[Supplied information]

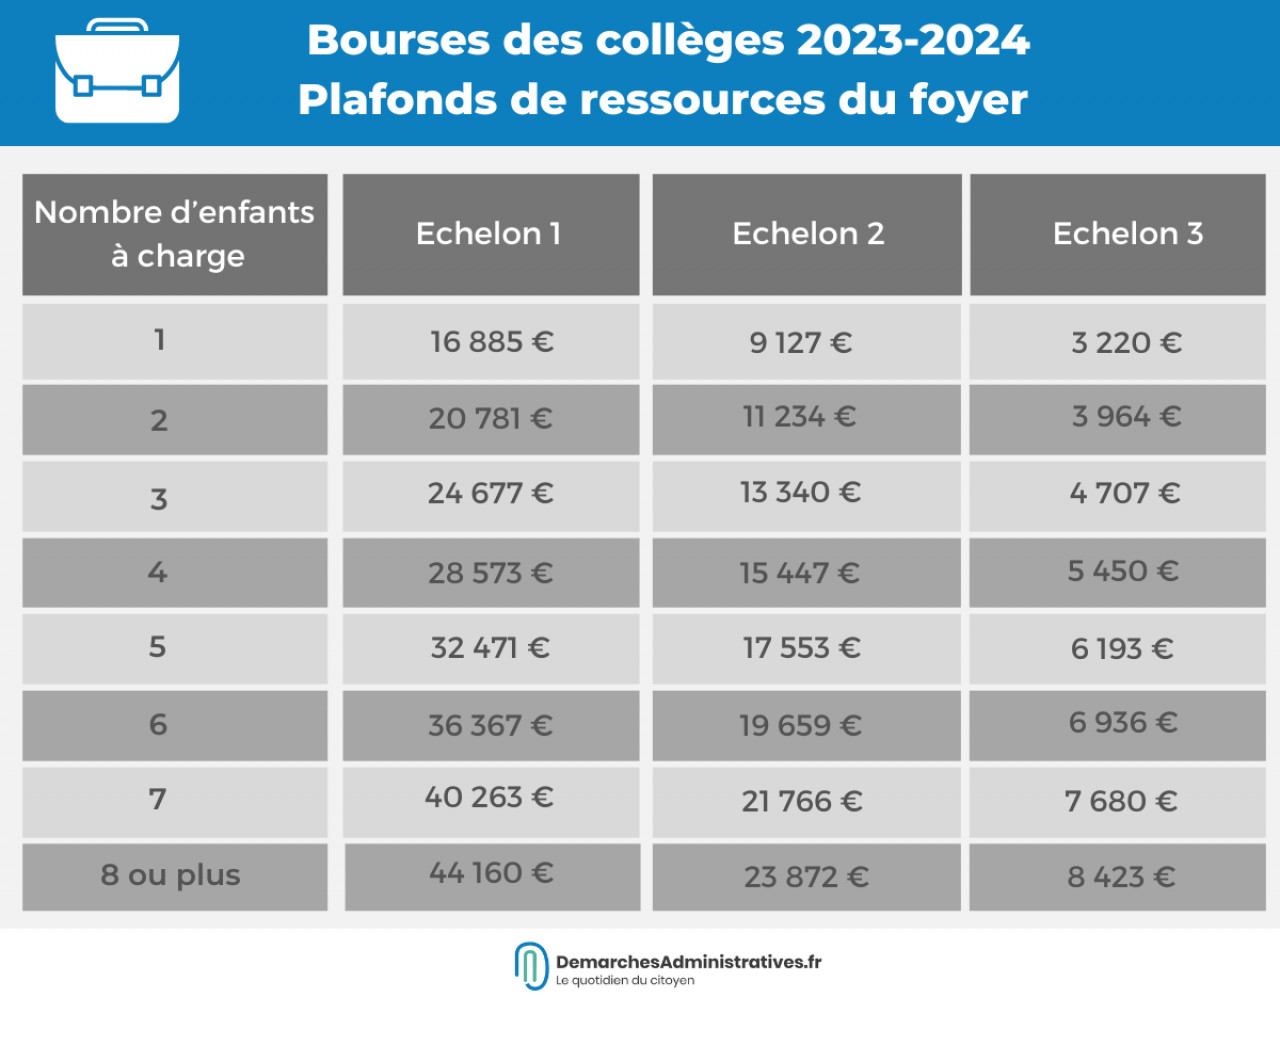 Bourse des collèges 2023-2024 : date limite et montant
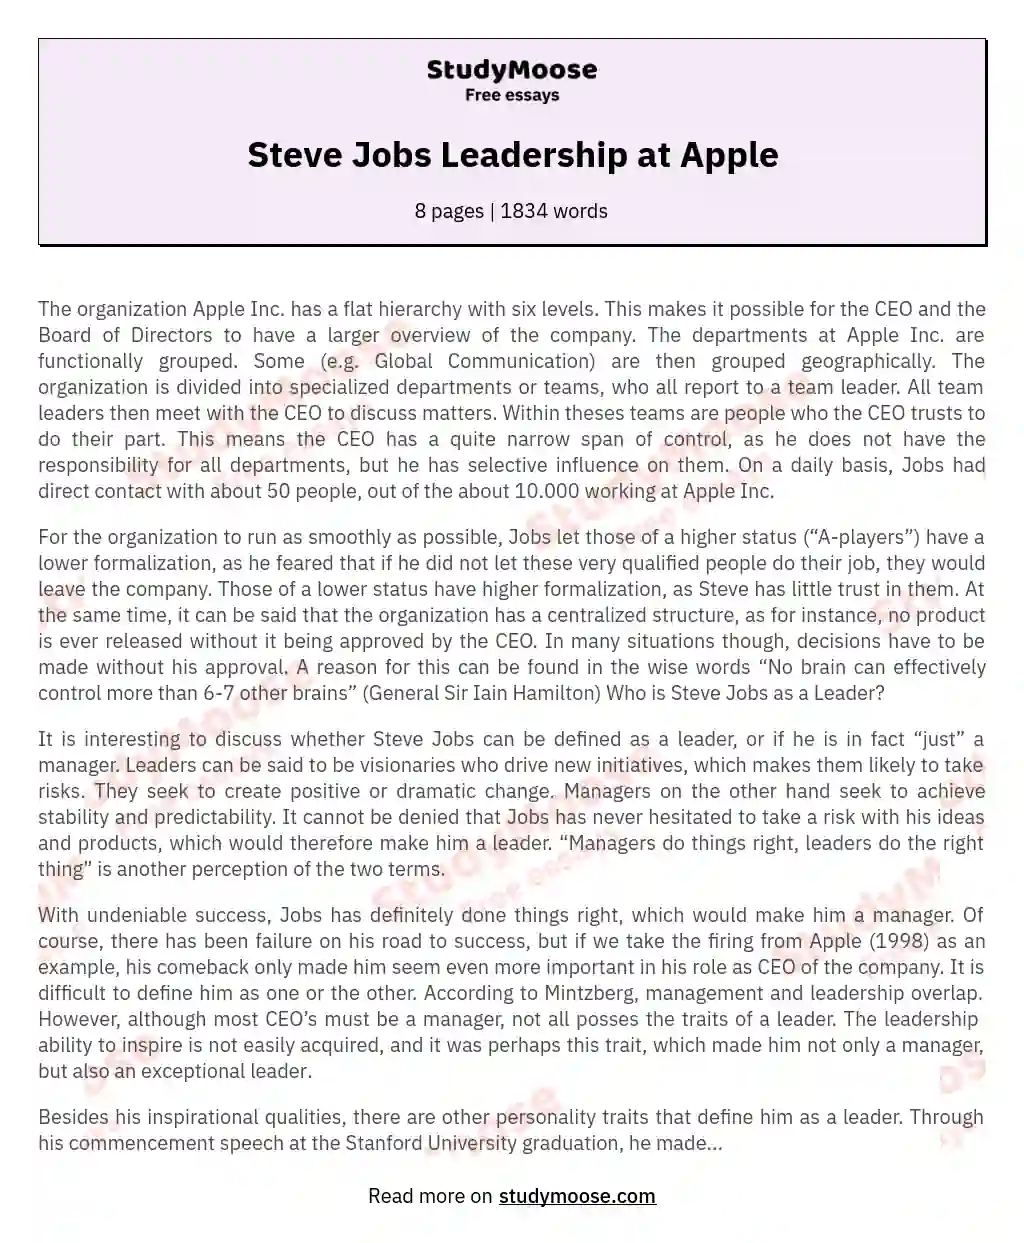 Steve Jobs Leadership at Apple
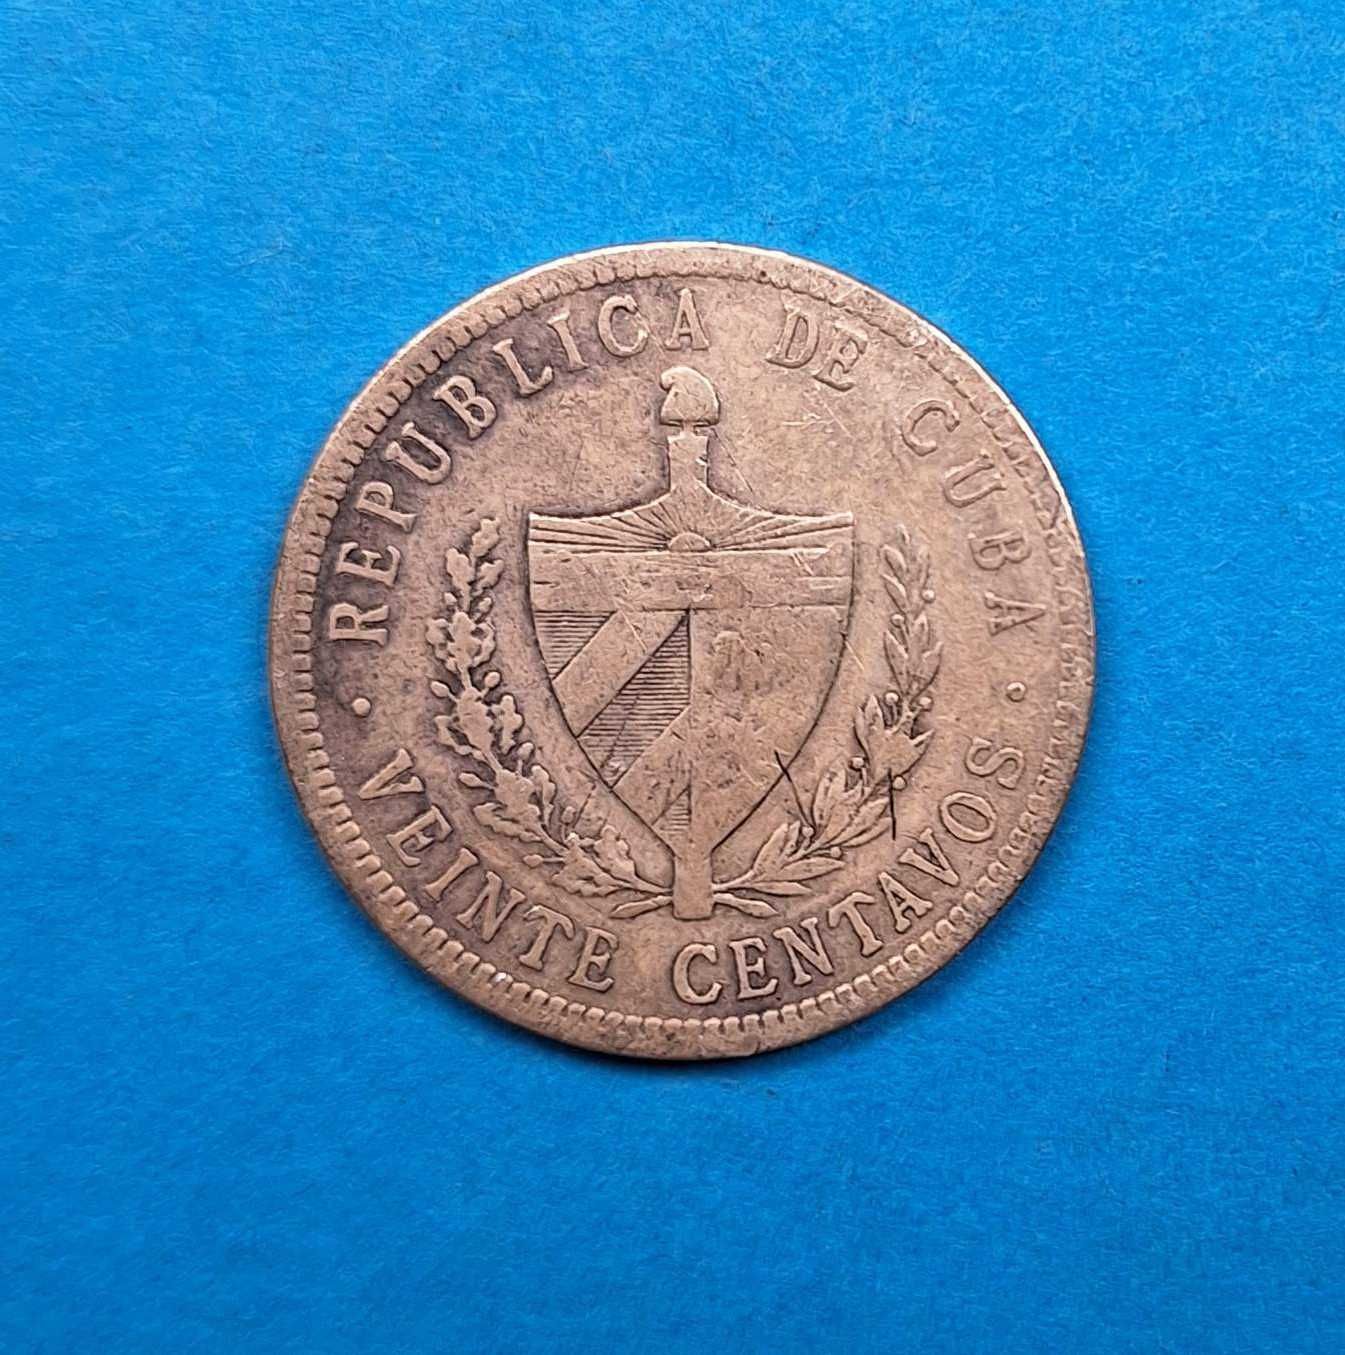 Kuba 20 centavo rok 1915, dobry stan, srebro 0,900
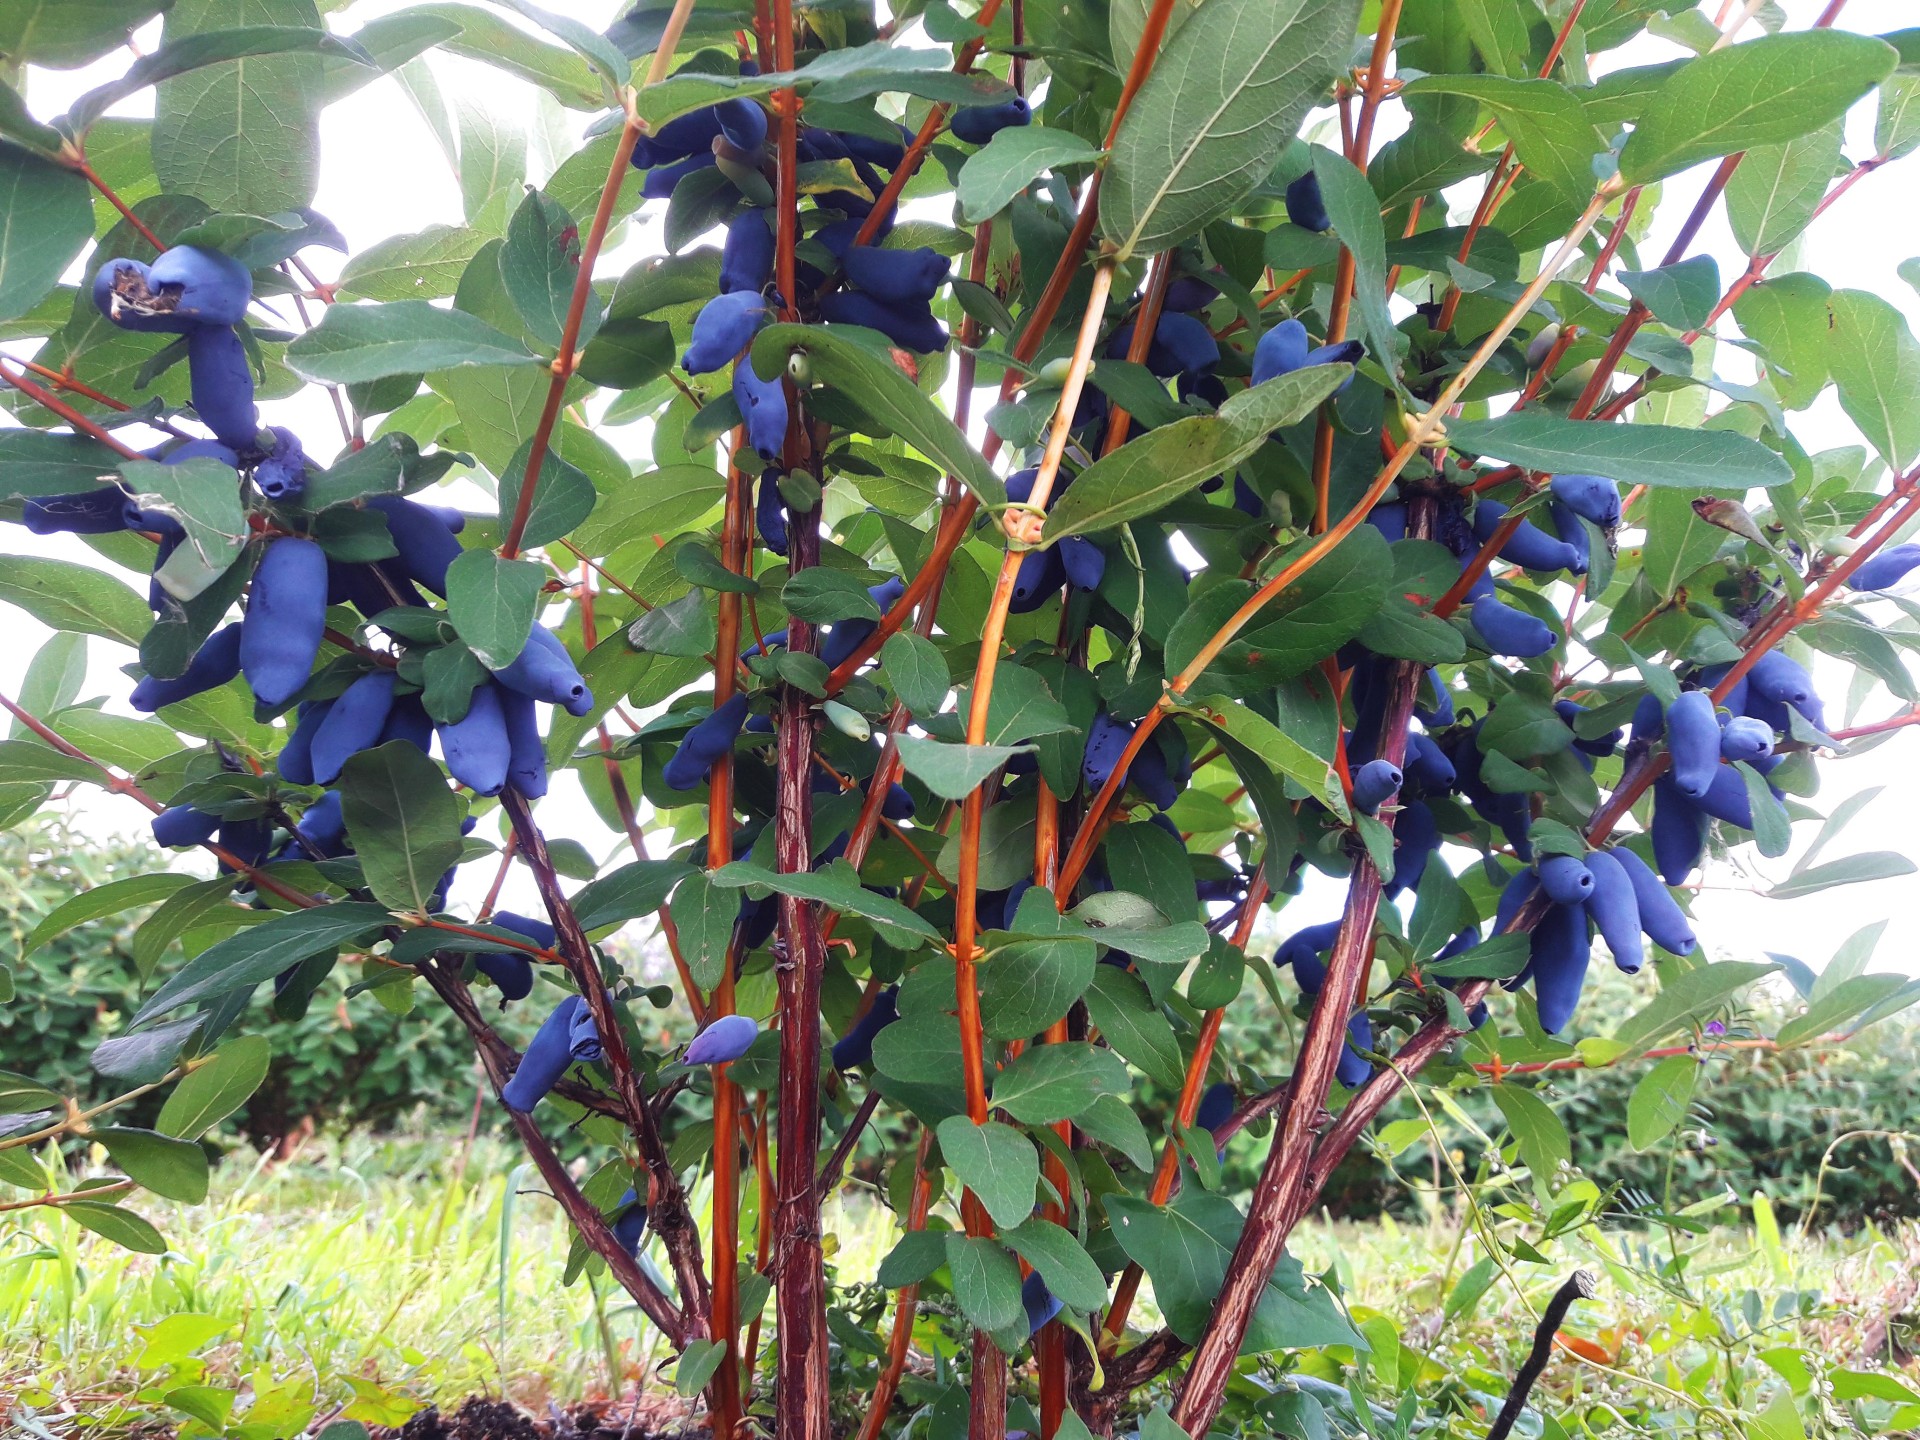 http://klandaic.ru/gardener/potokadr/berries/24honeysuckle.jpg

[/Supplied information]

▸ **Your objective**: Retype each line above exactly. Leave the images out.

▸ **Response to the task**:
 Bourse des collèges 2023-2024 : date limite et montant
 Steve Jobs Leadership at Apple
 Kuba 20 centavo rok 1915, dobry stan, srebro 0,900
 http://klandaic.ru/gardener/potokadr/berries/24honeysuckle.jpg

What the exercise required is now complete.